Elsewhere in the project, a hotel is slated to be built that will mimic the Maldives’ famous guest cottages on stilts right over the water, connected to each other and the land by a boardwalk.

The St. Regis Maldives Vommuli Resort. (Business Wire)

Current plans show 35 guest villas on the water, though the project tender calls for a 198-room hotel on the water, meaning some of the villas may have more than one room.

Another hotel planned for the project will feature a series of inlets, bringing the water to the guests instead of vice versa.

A masterplan showing new hotels and manmade landforms in the Dead Sea region. (Click to see full picture.) (Screen capture)

Though not included in the current project, an area masterplan includes another manmade peninsula sticking into the lake where another hotel will sit.

Aside from Bercleys Papo, hotel chains Fattal, Elad, Isrotel, Astral and Vert are slated to build or manage properties in the project.

While much attention has focused on the plans to recreate the magic of the Maldives, the use of islands, jetties and inlets takes a page from the playbook of a different tourism hotspot: Dubai.

Islands and jetties of the manmade Palm Jumeirah archipelago stretch out across the Persian Gulf in Dubai, United Arab Emirates, Monday, July 19, 2021. (AP/Jon Gambrell)

The Emirati city has made extensive use of all three as a way to extend its otherwise limited coastline, with hundreds of small islands and peninsulas creating a world map, a palm tree, and other formations, offering more beachfront properties for resorts and luxury accommodations.

“Our vision is to create a unique experience at the Dead Sea in tune with the unique significance of the lowest point on earth,” said Tourism Ministry Deputy Director-General Kobby Barda.

Aerial view of Ein Bokek on the shores of the Dead Sea, in 2021. (Moshe Shai/Flash90)

Ein Bokek currently has 15 hotels, including offerings from most of the big Israel chains.

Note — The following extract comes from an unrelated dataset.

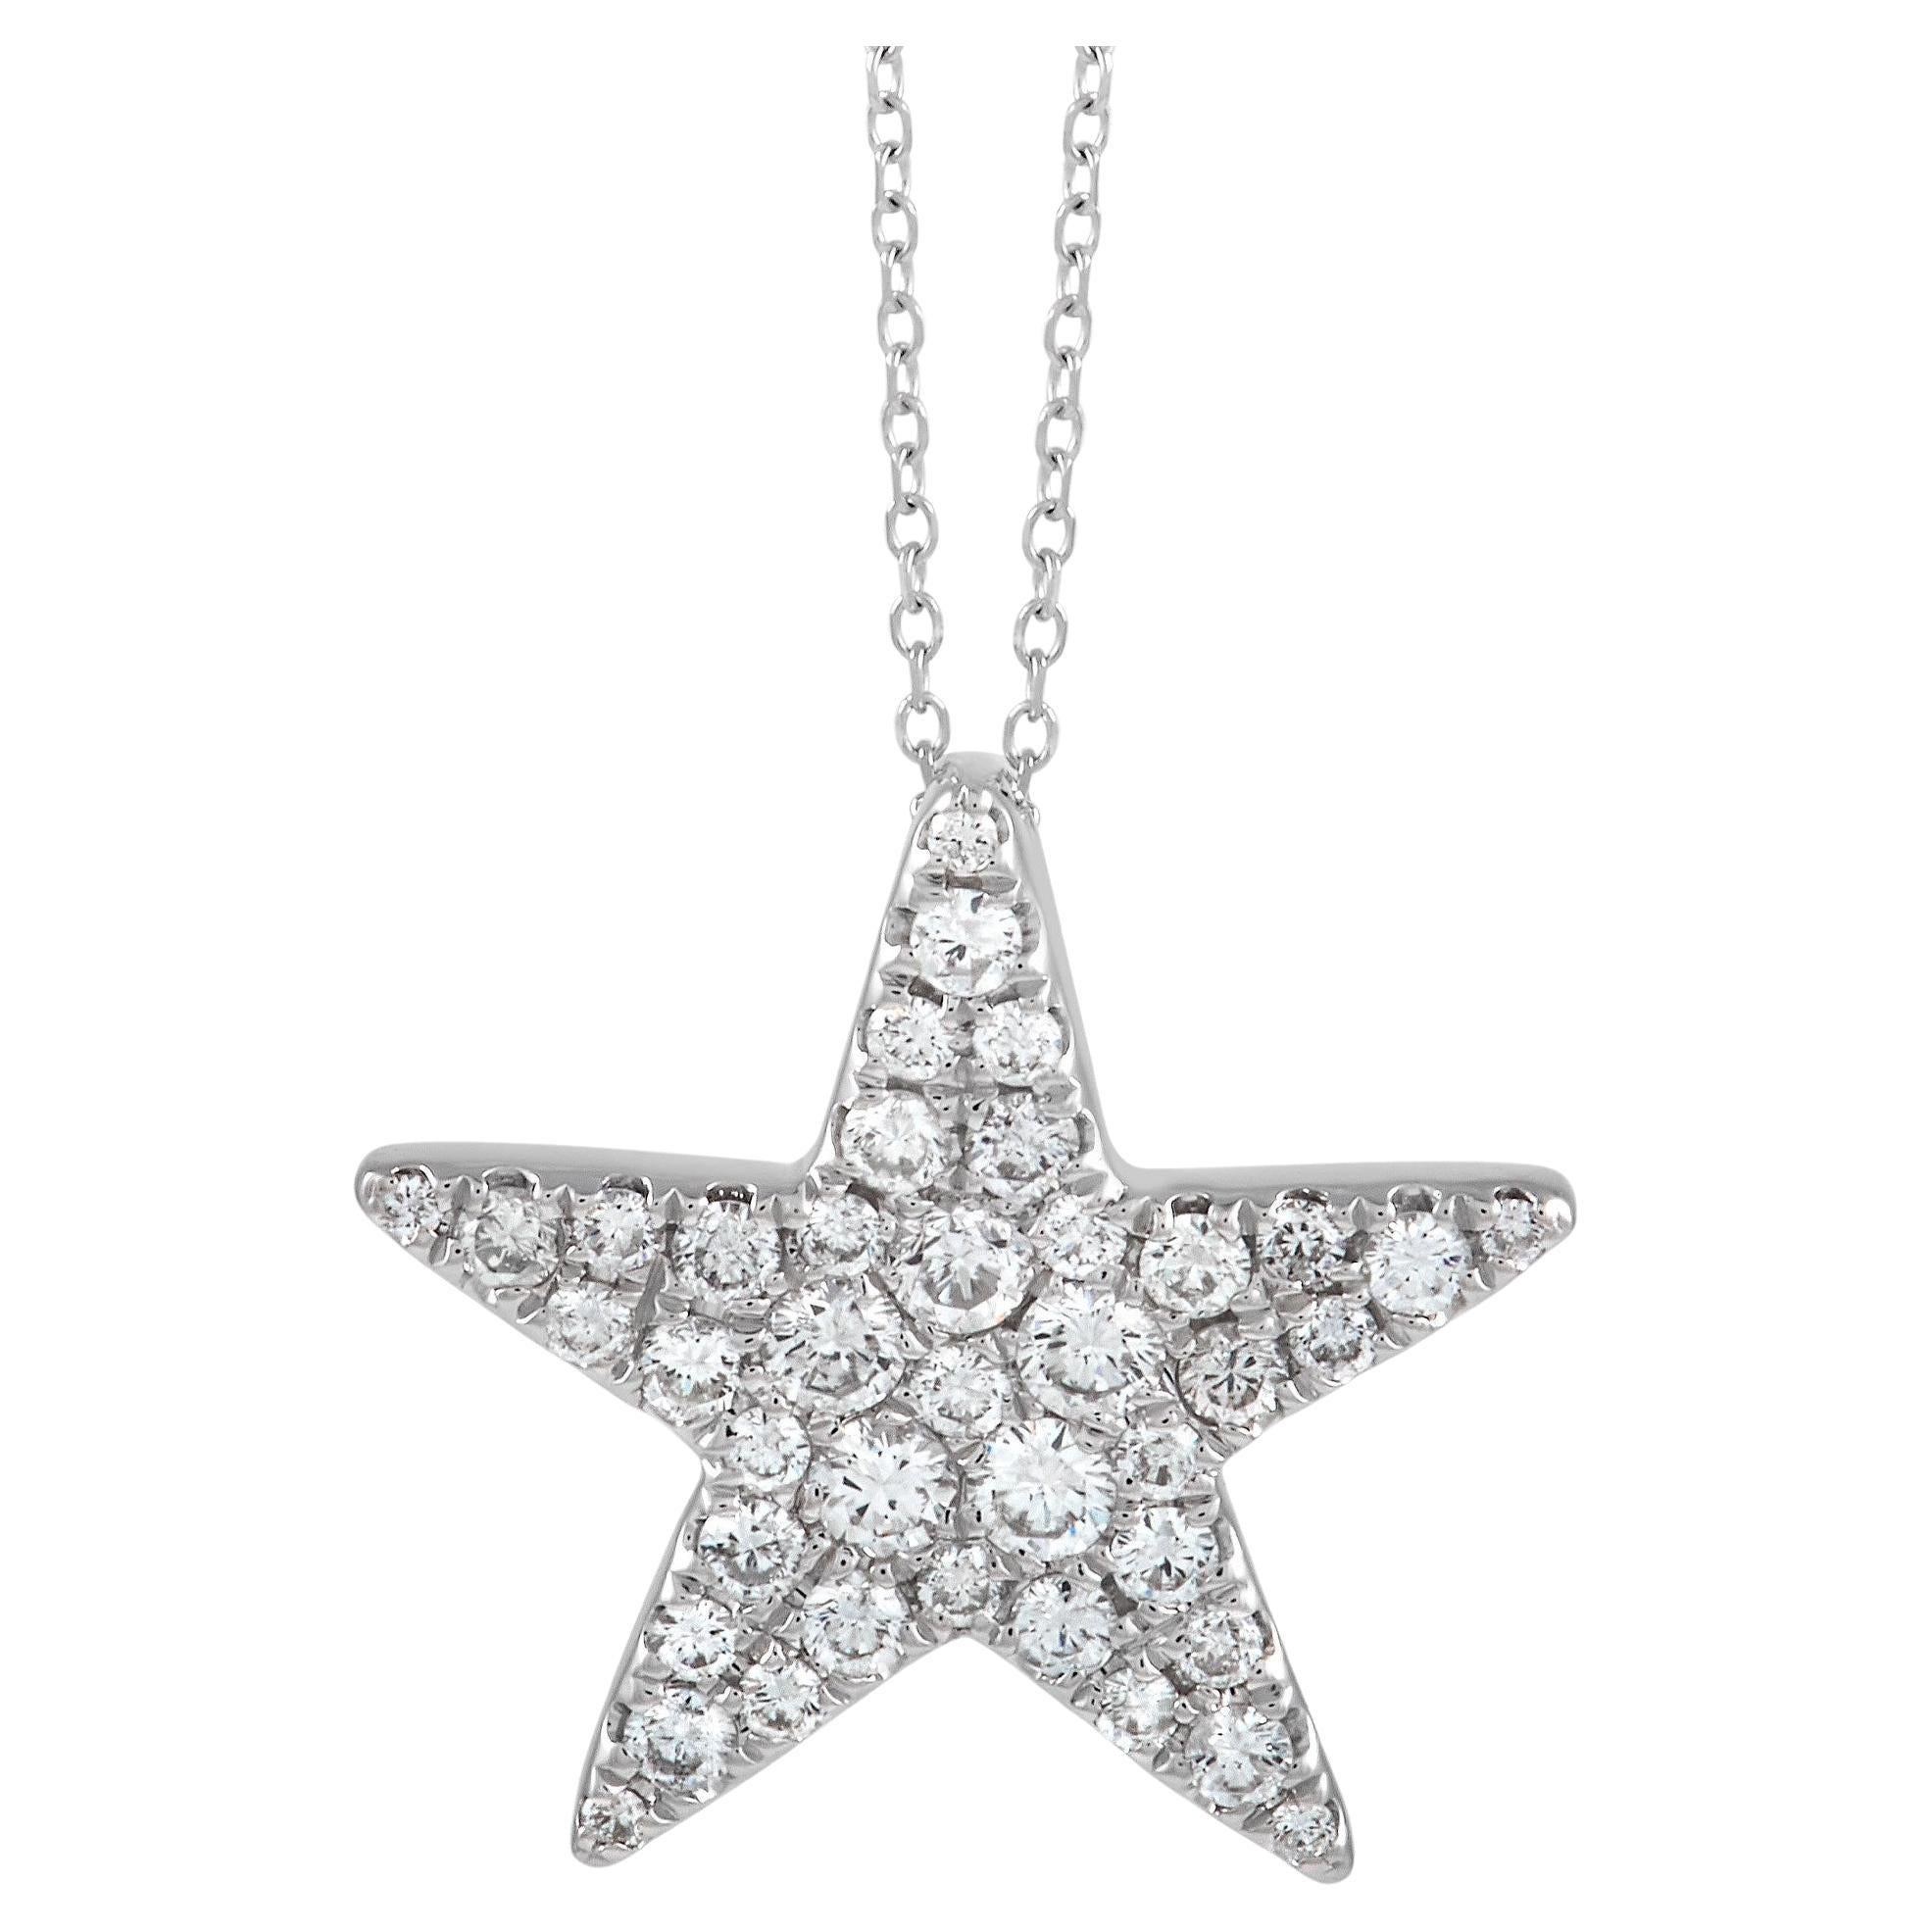 LB Exclusive 18K White Gold 1.00 Ct Diamond Star Necklace

In a normal year, hotels could expect around 800,000 visitors, mostly from overseas. The Dead Sea received government support during the pandemic, but also became a popular Israeli staycation option.

This is despite being the second-most expensive place to stay in Israel, averaging $211 a night pre-COVID (2019). Figures from the Central Bureau of Statistics suggest that so far this year, the Dead Sea resorts have averaged around 70% occupancy.